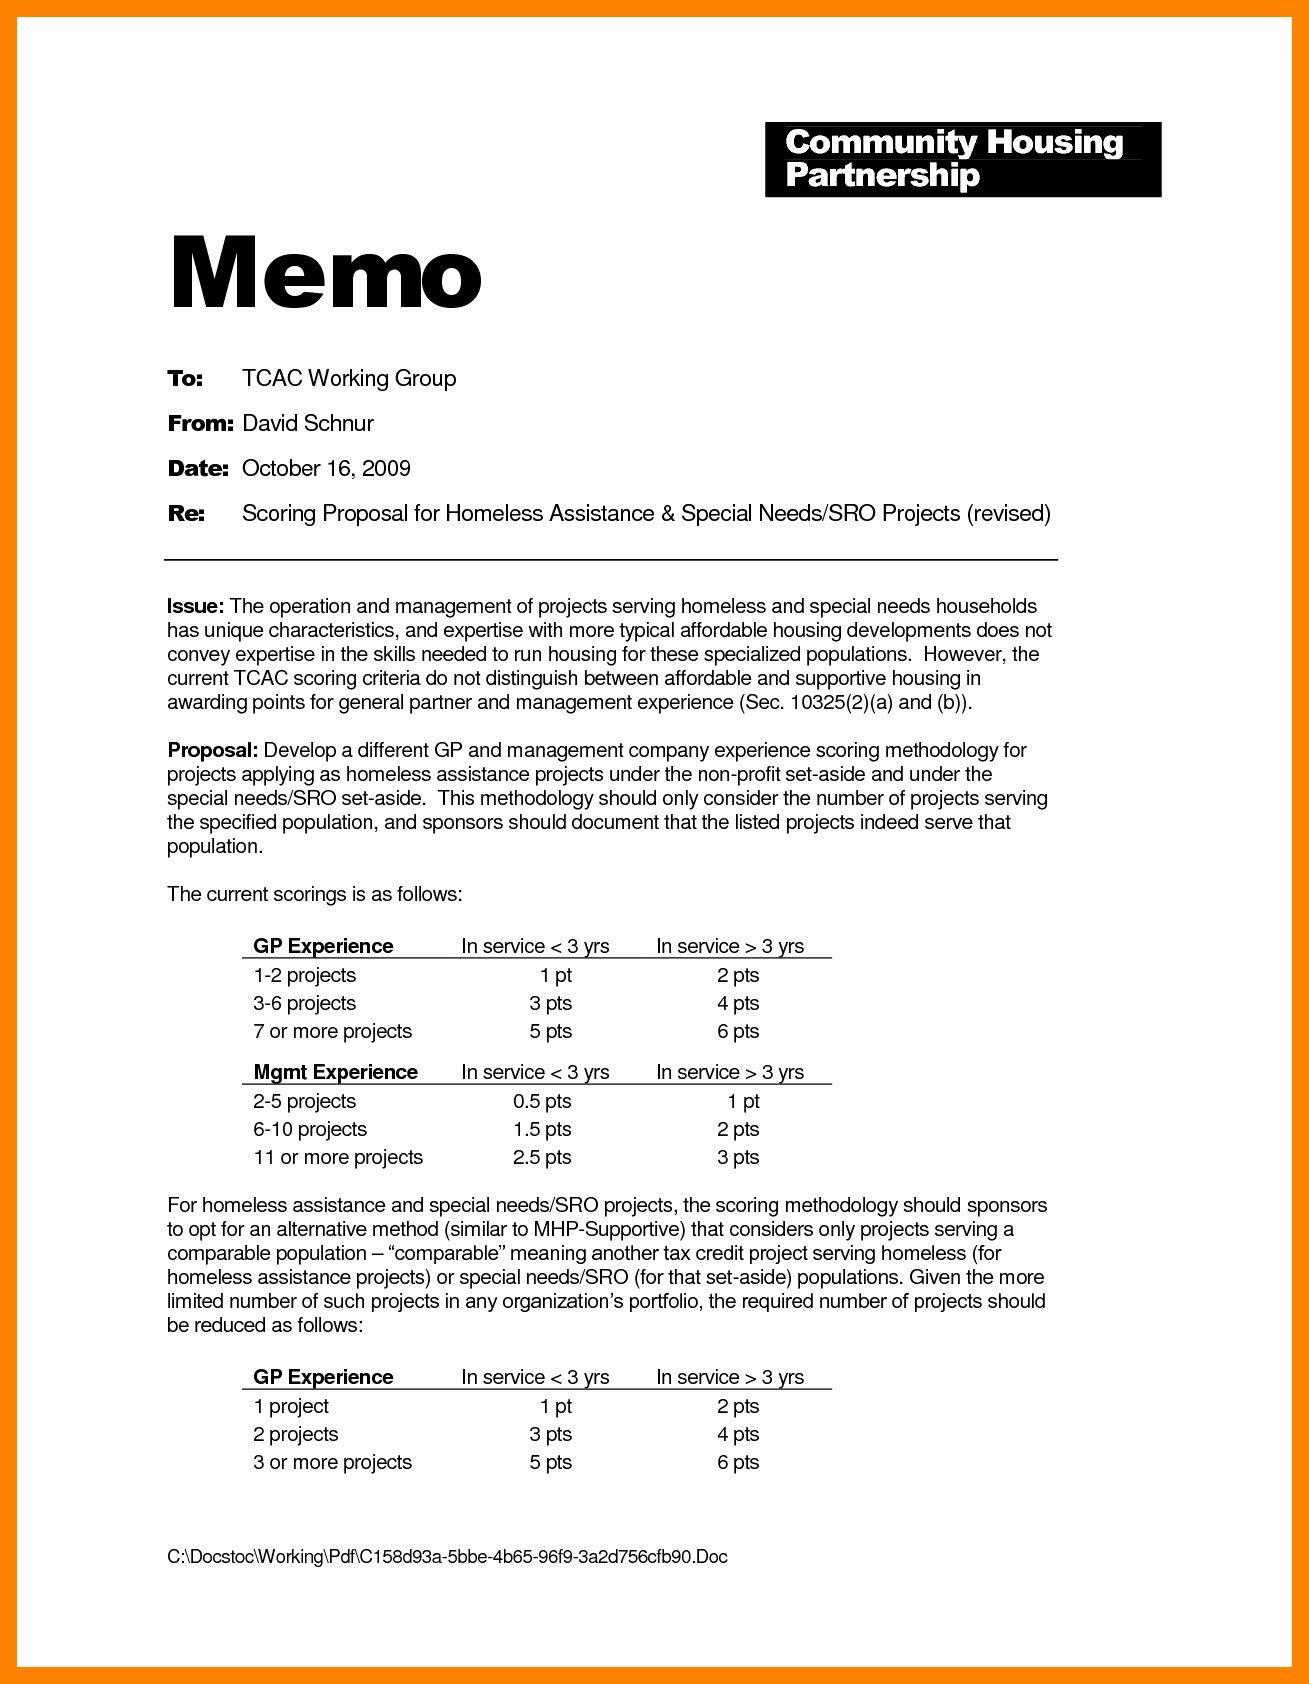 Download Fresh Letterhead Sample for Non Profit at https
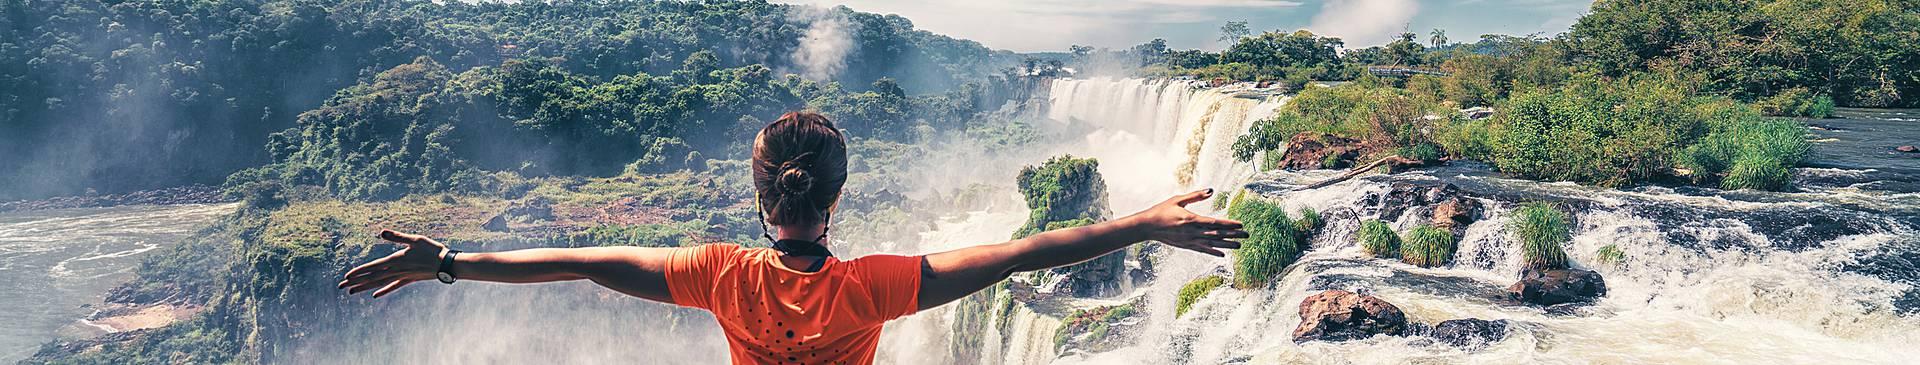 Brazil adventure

* * *

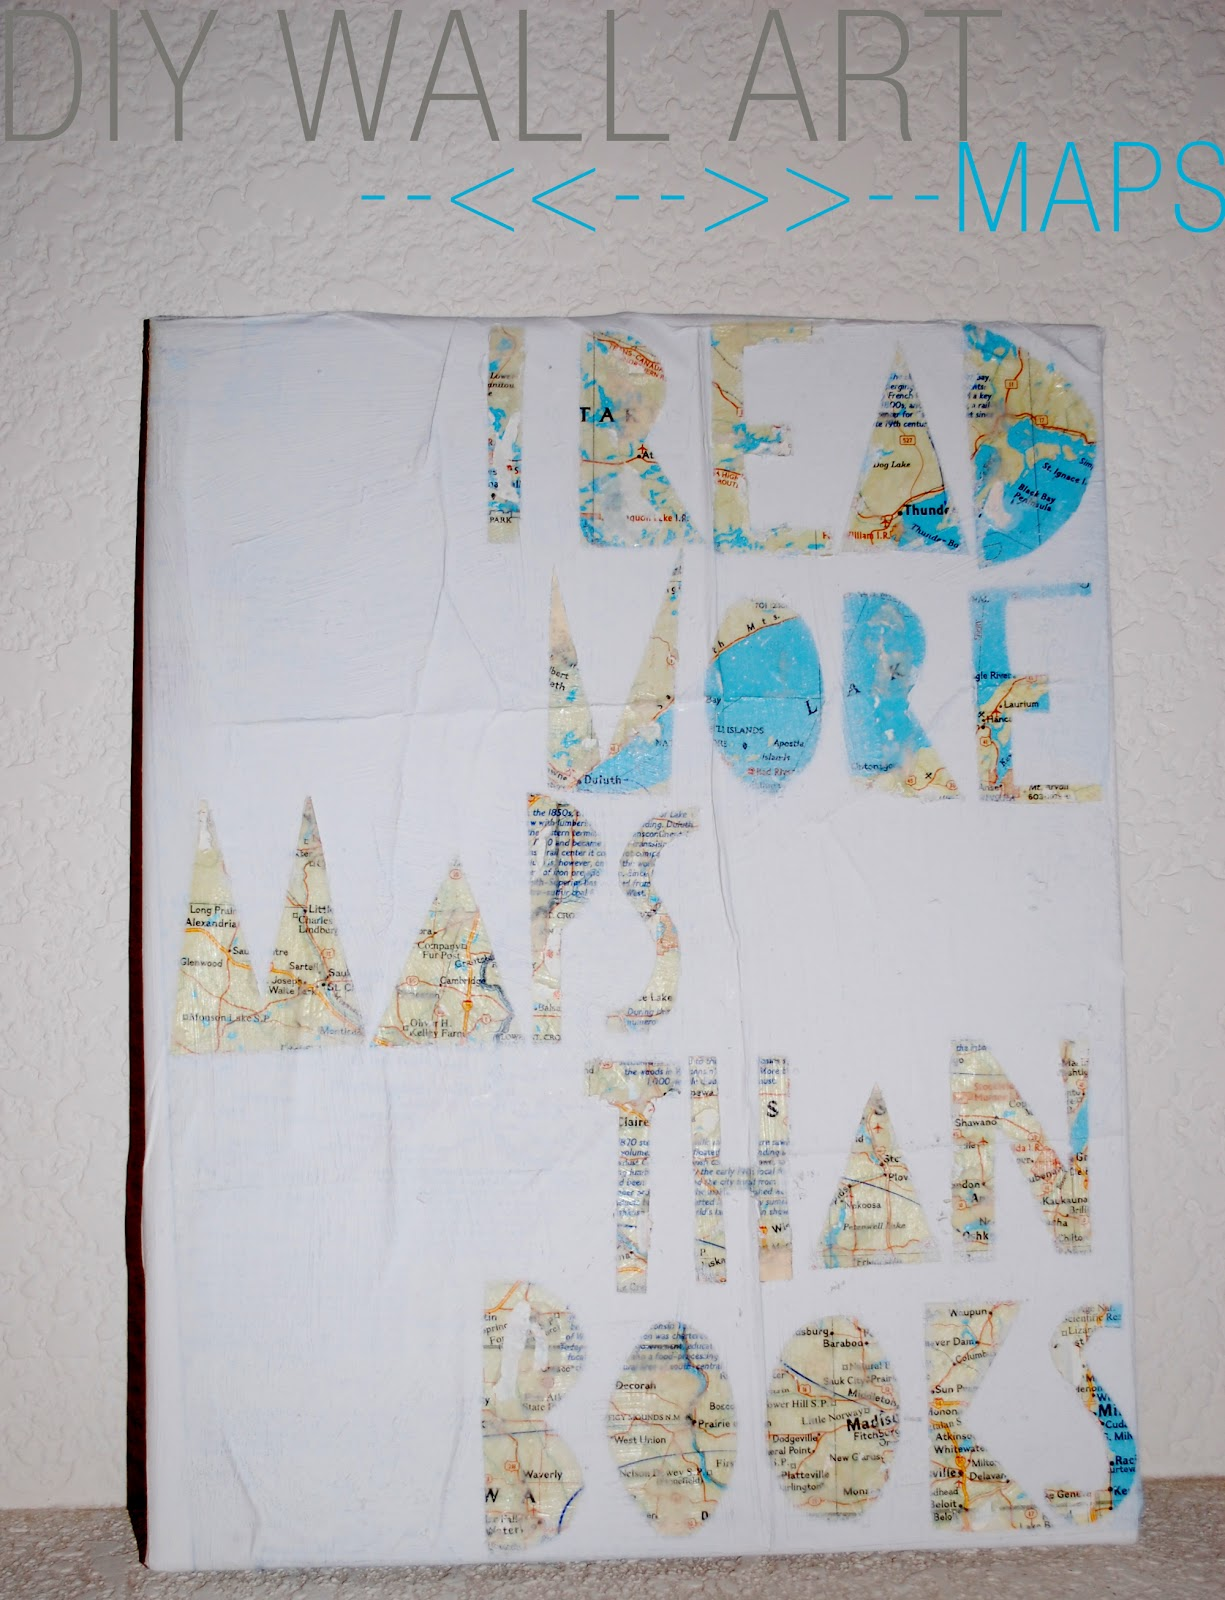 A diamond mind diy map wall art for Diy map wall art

- The problem -
Starting at the line that contains "Download Fresh Letterhead" and ending at the line that contains "Brazil adventure", transcribe the material above exactly, excluding pictures.

- Task output -
 Download Fresh Letterhead Sample for Non Profit at https
 Brazil adventure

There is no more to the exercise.